Lemongrass is a wonderful herb to complement the summer garden! It has many medicinal and aromatic properties and can be used in a variety of ways. It is often considered a must for home medicinal herb gardens, and it’s easy to see why that is!
Other than sandalwood, one of my personal favorite essential oil to diffuse is lemongrass. The aromatic properties of lemongrass are said to help those with anxiety. Maybe that’s why nothing ever bothers me! This herb smells a little like lemon, but it also smells “green.” It has a scent that I can only describe as almost like fresh plants outside after it rains mixed with a slight lemony citrus aroma. It’s truly incredible.
Lemongrass Is Beneficial for Natural Remedies
Also often known as citronella, lemongrass provides some natural herbal medicinal properties as well. Both the leaves and the oil are useful in herbal medicines. Here are some of the uses of lemongrass:
- Digestive Tract Spasms – stomachache, high blood pressure, convulsions, pain, vomiting, cough, achy joints (rheumatism), fever, the common cold, and exhaustion.
- Anti-Microbial – It is also used to kill germs and as a mild astringent. With hand sanitizer sold out everywhere, why not give a plant the job of killing some of those germs that can make us sick?
- Food & Beverages – not only does lemongrass add flavor to food and makes a great tea, but it is used to make natural citral and vitamin A.
- Topical Remedies – Lemongrass can also be used in a variety of ways. If can be inhaled (aromatherapy) or it can be applied directly on the skin. It can also help with headaches and anxiety. It can also help with muscle pain when made into a salve.
- Aromatherapy– If you are a little sore after an intense workout, diffuse some lemongrass! It has been shown to help with muscle pain and soreness. Plus, it’s not a heavy overbearing scent and perfect for hot summer days! Try making this disinfecting spray for the home using essential oils like lemongrass.

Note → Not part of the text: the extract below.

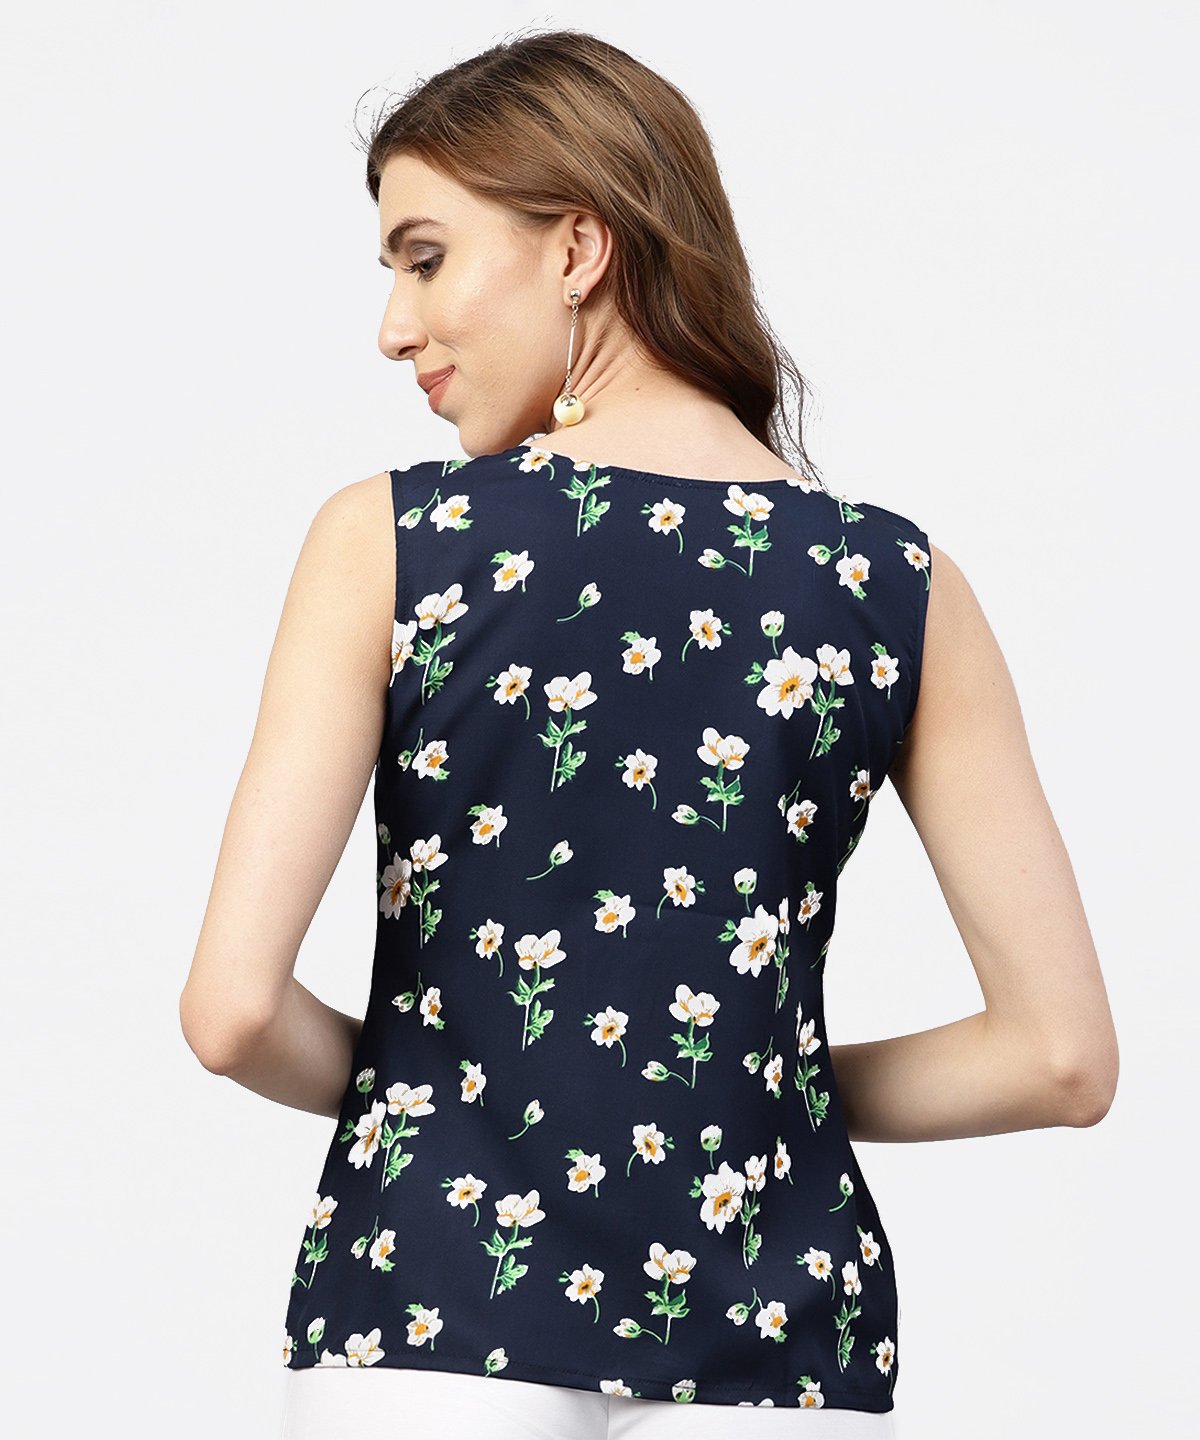 Women's Navy Blue Floral  Printed Sleevless  Top With Front Yoke And V-Neck - Nayo Clothing

Lemongrass is a great summer choice for the garden as it loves hot conditions. So you will want to plant it in the spring after the last chance of frost has passed. Plant it in full sun. You should also make sure you have well-drained soil with a pH of 6.5 to 7.0. Space your lemongrass plants 24 inches apart. Kick off the growing season by mixing several inches aged compost or other rich organic matter into your native soil.
Lemongrass will also require consistent watering. Give the plant more moisture and water when the top inch of soil becomes dry. You can also get the most out of your growing efforts by regularly feeding with water-soluble plant food. Harvest lemongrass stalks once plants reach 12 inches tall and are a half-inch wide at the base.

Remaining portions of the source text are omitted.